Penso em Pepetela e penso em Hemingway. Explico: penso em autores reféns de seu (auto)personagem. Pepetela, já o vi dizer no registro em vídeo de um bate-papo na UFRJ, que gosta de criar e também “quebrar mitos”. É fato: os mitos da nação Angola ora são criados, ora desestruturados na sua obra. O próprio escritor já disse ter tomado como mito a ser quebrado, ou pensado em um livro seu, a ideia do “internacionalismo proletário” e da solidariedade irrestrita entre os países do antigo bloco comunista. O mito de Manuel Cerveira Pereira, fundador do inexistente reino de Banguela, também é retrabalhado na sua obra. Mitos sobre branco e negro, sobre a ideia de nação, a lista é longa e passível de constantes atualizações. Mas há um mito que Pepetela, parece, criou e não consegue quebrar: o seu próprio. E aí penso em Hemingway. Quero dizer assim: imagino que, se Hemingway fosse vivo e viesse à Flip ou à Bienal de Pernambuco— para a qual vem Pepetela — muito se perguntaria a ele sobre o boxe, sobre barcos e pesca, sobre ir à guerra. E pouco se falaria dos seus livros. É a mesma sensação que tenho sobre Pepetela, e que um passeio pelo Youtube confirma. Parece irresistível querer saber sobre a guerrilha, a guerra civil, Angola ontem, hoje, sobre o que pensa Pepetela dos rumos da política, da sociedade, da economia angolanas. É como nos eventos literários que reúnem escritores da Palestina, de Israel, Irã. Dificilmente saberemos o que os autores escrevem. Mas sairemos de lá com muita clareza das suas visões de mundo, das suas posições políticas. Já escrevi isso uma vez: acho que tem, aí, um aspecto positivo: fala-se tanto da perda de relevância da literatura nos tempos atuais, mas, bem, ainda se quer saber o que os escritores — alguns deles, ao menos — pensam sobre o mundo. Isso parece ter algo de bom. Mas parece também caricaturizar um pouco os autores. Transformá-los em uma imagem.
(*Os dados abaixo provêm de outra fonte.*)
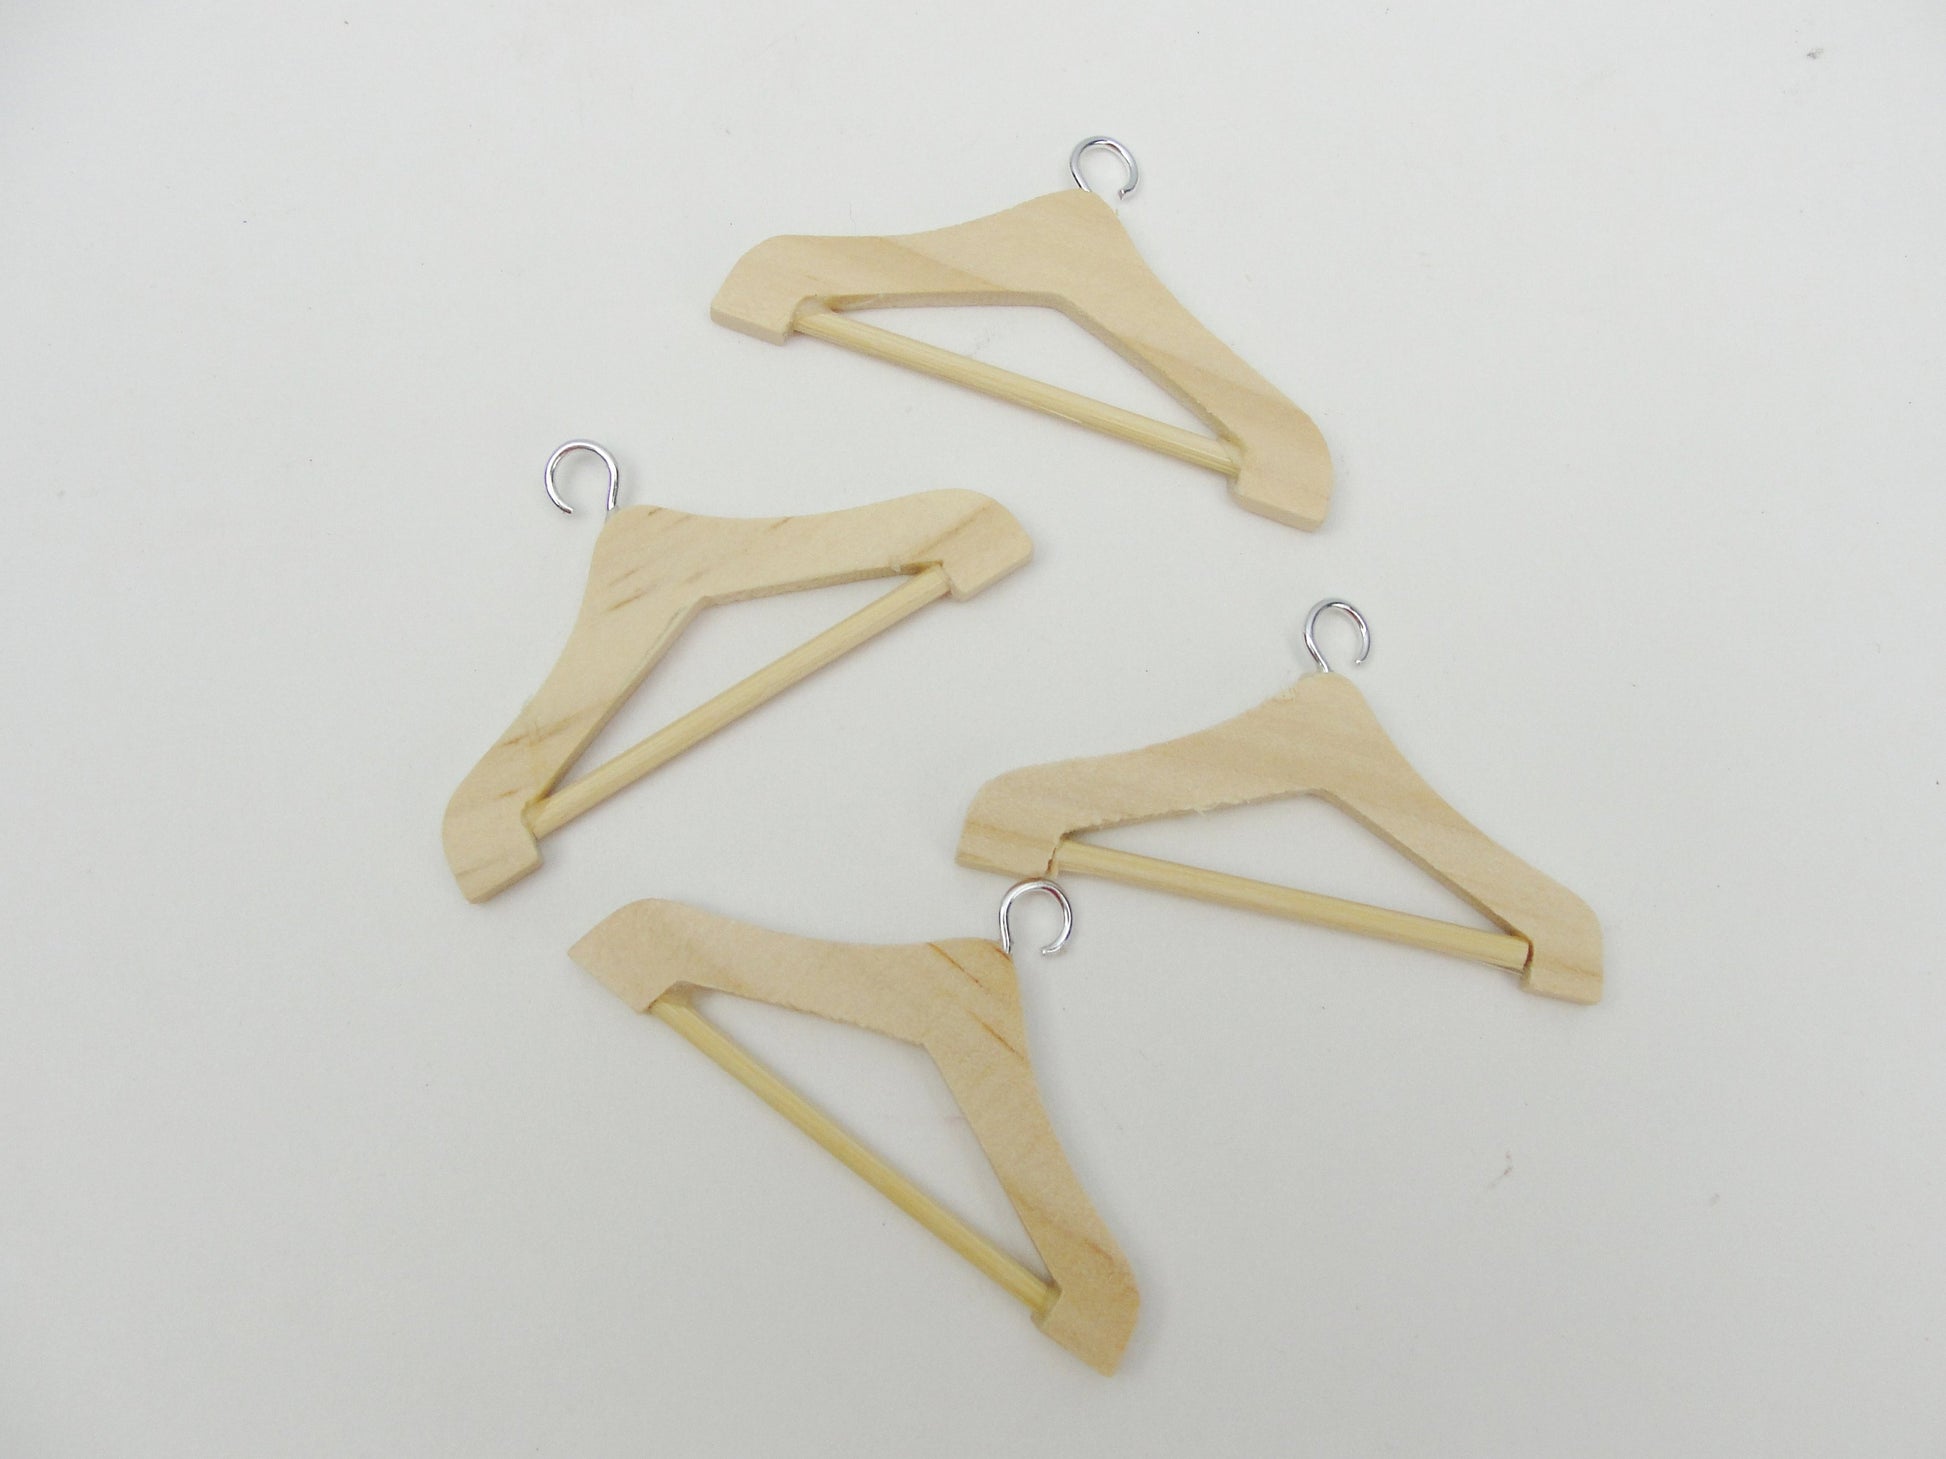 Dollhouse miniature wood clothes hangers - Miniatures - Craft Supply House

Talvez você esteja lendo apenas lamúrios de um escritor de apartamento — eu. Talvez Pepetela intimide autores que crescerem jogando videogame, assistindo MTV na adolescência, sem muita transcendência. Porque Pepetela, Hemingway e tantos outros fazem parte daquele time de autores, tão diferentes entre si, mas iguais numa coisa: viveram para contar. O sujeito nasce numa colônia, parte adolescente para estudar em Portugal, filia-se ao Movimento Para Libertação de Angola, exila-se então em Paris e Argel, retorna para a colônia para pegar em armas, participa decisivamente da independência da sua nação, integra o primeiro governo, e creio que é natural que sua vida e experiência inspirem profundamente os temas da sua escrita. Só que uma consequência disso é, muitas vezes, crítica e leitores esquecerem a obra. Ou confundirem com biografia. Preocuparem-se só com a vida, com o foi ou não foi.
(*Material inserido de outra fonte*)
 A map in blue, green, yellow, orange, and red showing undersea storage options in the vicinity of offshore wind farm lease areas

Lamúrios de um escritor de apartamento ou não, de alguém que às vezes se pergunta se tem mesmo o que contar, avanço um pouco nesse raciocínio sobre a recepção de Pepetela. Tudo bem que haja interesse pela vida dele, tudo bem. É de fato uma narrativa interessante, que já se desdobrou em muitas ficções interessantes. Mas me pergunto se, desse interesse bio ou historiográfico despertado por ele e por seus livros, não deriva uma atitude da qual muito já ouvi brasileiro reclamar: a supervalorização do pitoresco em detrimento do literário. Que jogue o primeiro Memórias Póstumas aquele que nunca viu, ouviu, ou leu um escritor brasileiro reclamar do reducionismo europeu e norte-americano por tratarem a literatura brasileira como parte da literatura latino-americana, relacionando-a com o boom latino-americano (aliás, referências ao boom também são motivos de queixas). E pergunto mais: não se reclama bastante por aí de que o estrangeiro só tem interesse pelo clichê da brasilidade, pelo balangandã, que é incapaz de perceber e abarcar o cosmopolitismo e a fragmentação da prosa nacional? Aquela pergunta: por que um brasileiro não pode escrever uma história que se passe em NY ou Londres, por que Jorge Amado segue sendo campeão de traduções? Pois é, camaradas, agora que tal perceber o tratamento que talvez dispensemos a outras literaturas? Não cometemos os mesmos equívocos em relação às literaturas africanas de língua portuguesa, justamente quando botamos, no mesmo saco chamado literaturas africanas de língua portuguesa, a produção de Angola, Moçambique, São Tomé, Cabo Verde e Guiné? Ou, ainda, quando eternamente invocamos o guerrilheiro Pepetela, quando percebemos que a maioria dos seus livros aqui disponíveis se relacionam com o seu viver para contar, não somos um tanto redutores sobre a produção desse autor e de todos os outros? Não fica o exótico e o histórico colocado acima do literário?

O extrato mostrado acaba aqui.